## Dataset records
= Beginning of Section =

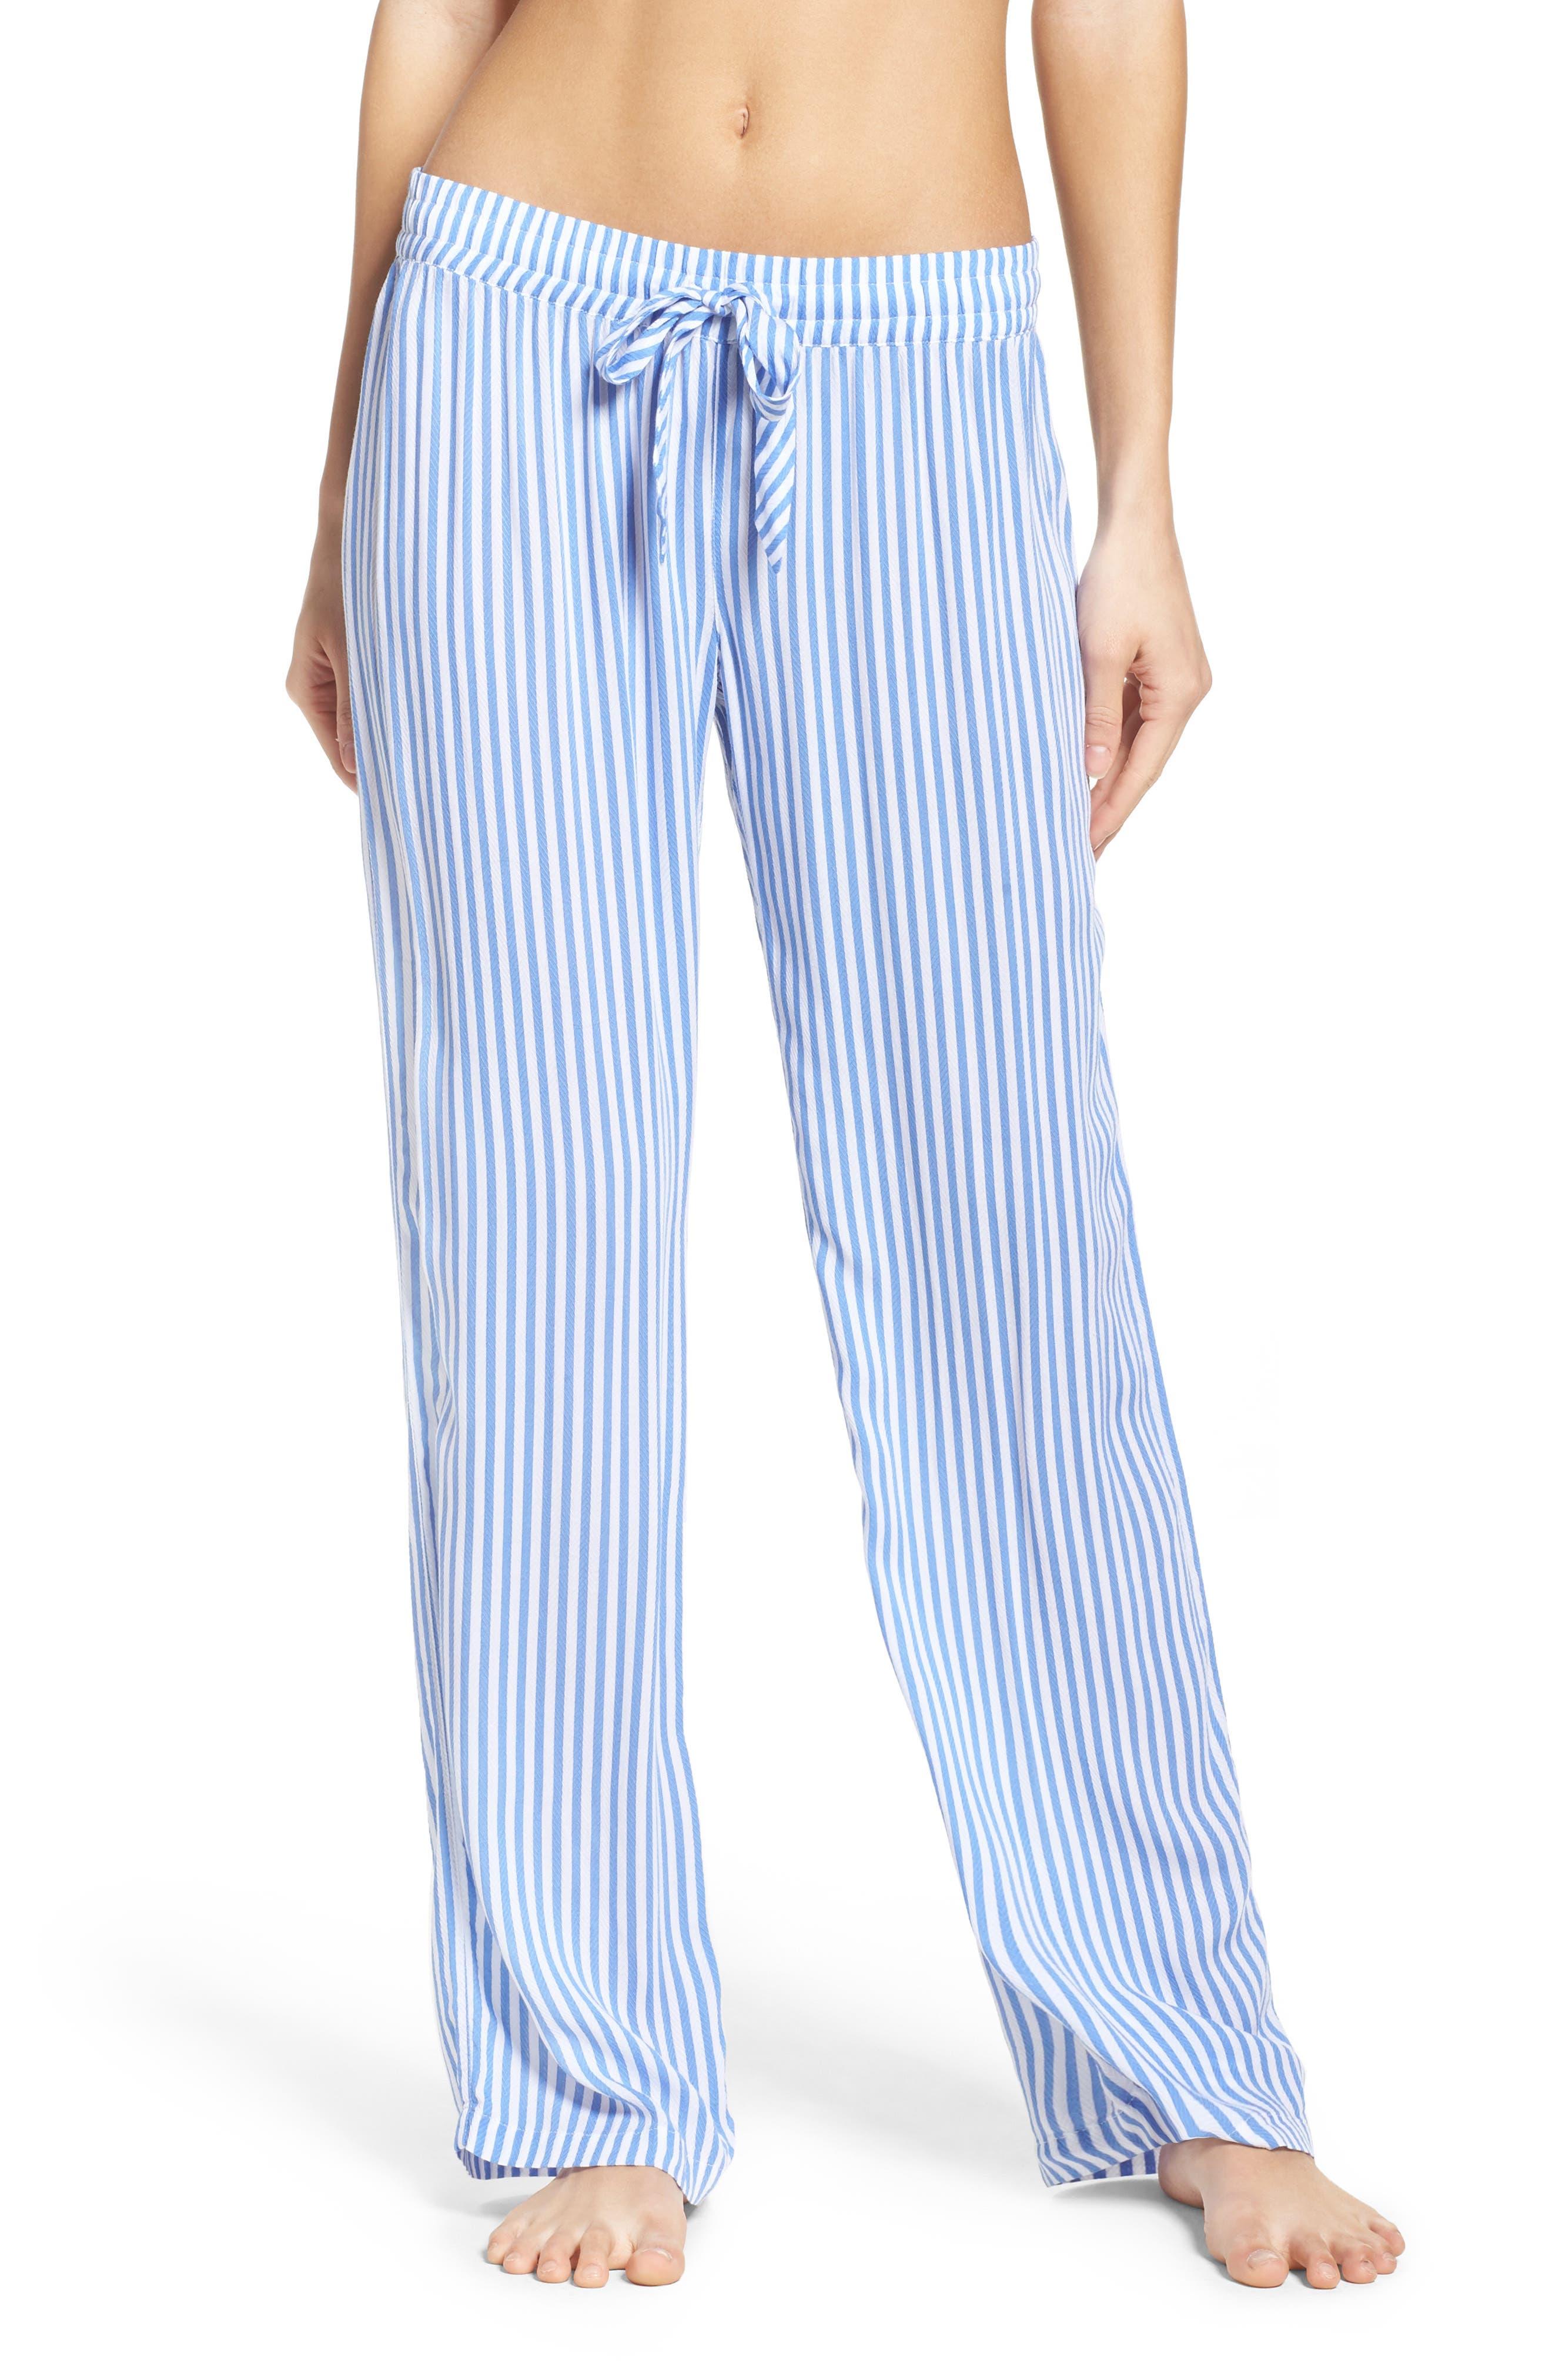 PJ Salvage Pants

= End of Section =
= Beginning of Section =

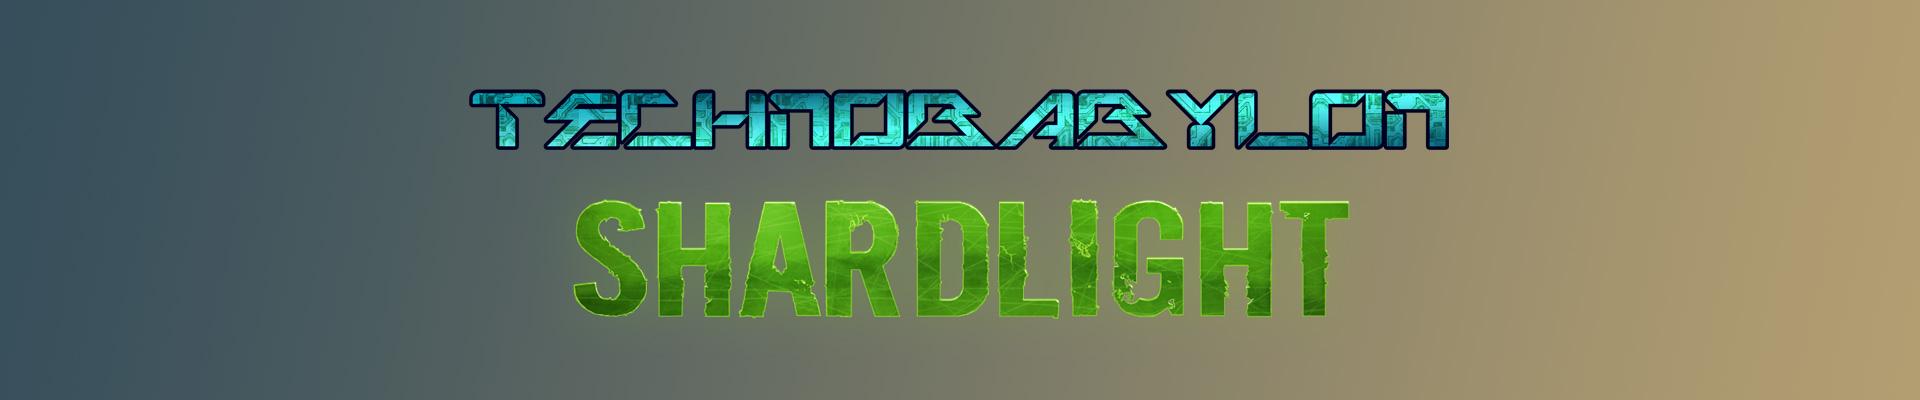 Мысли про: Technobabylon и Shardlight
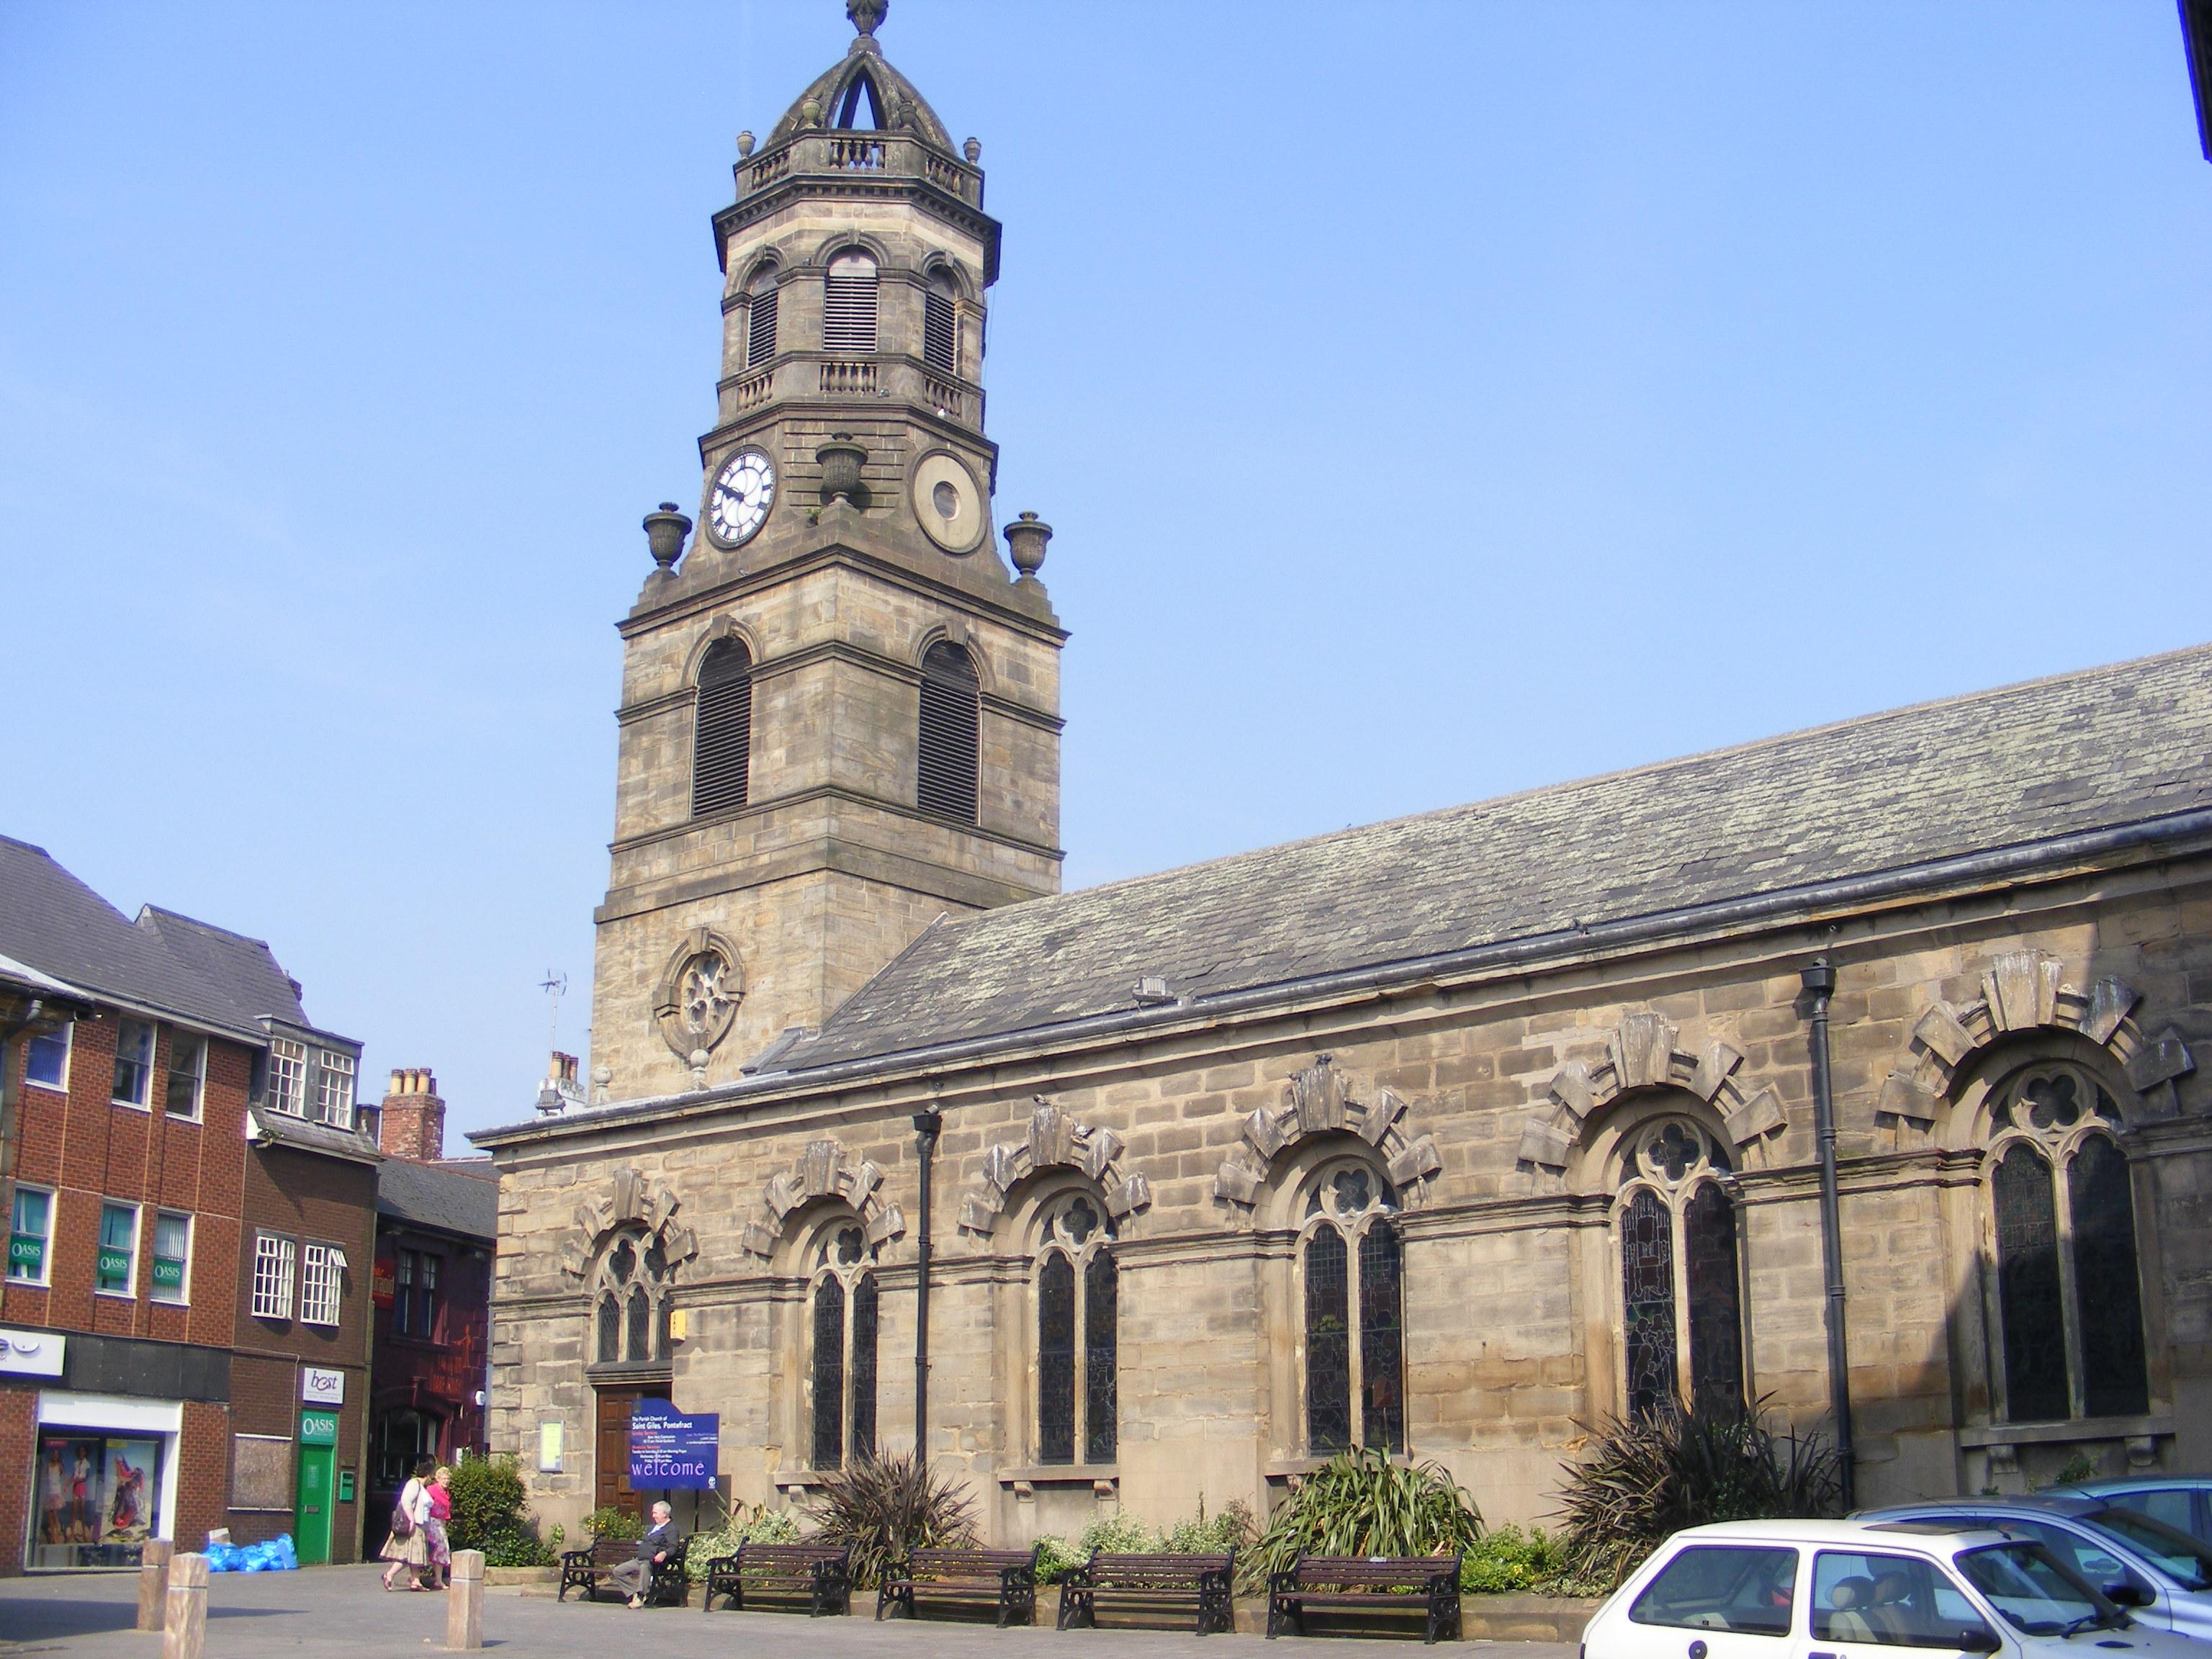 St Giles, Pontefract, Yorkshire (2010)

= End of Section =

## Exercise objective
Take the lines above starting at the one containing "Мысли про: Technobabylon и Shardlight" and ending at the one containing "St Giles, Pontefract, Yorkshire (2010)", and print them again exactly, without pictures.

## Written solution
 Мысли про: Technobabylon и Shardlight
 St Giles, Pontefract, Yorkshire (2010)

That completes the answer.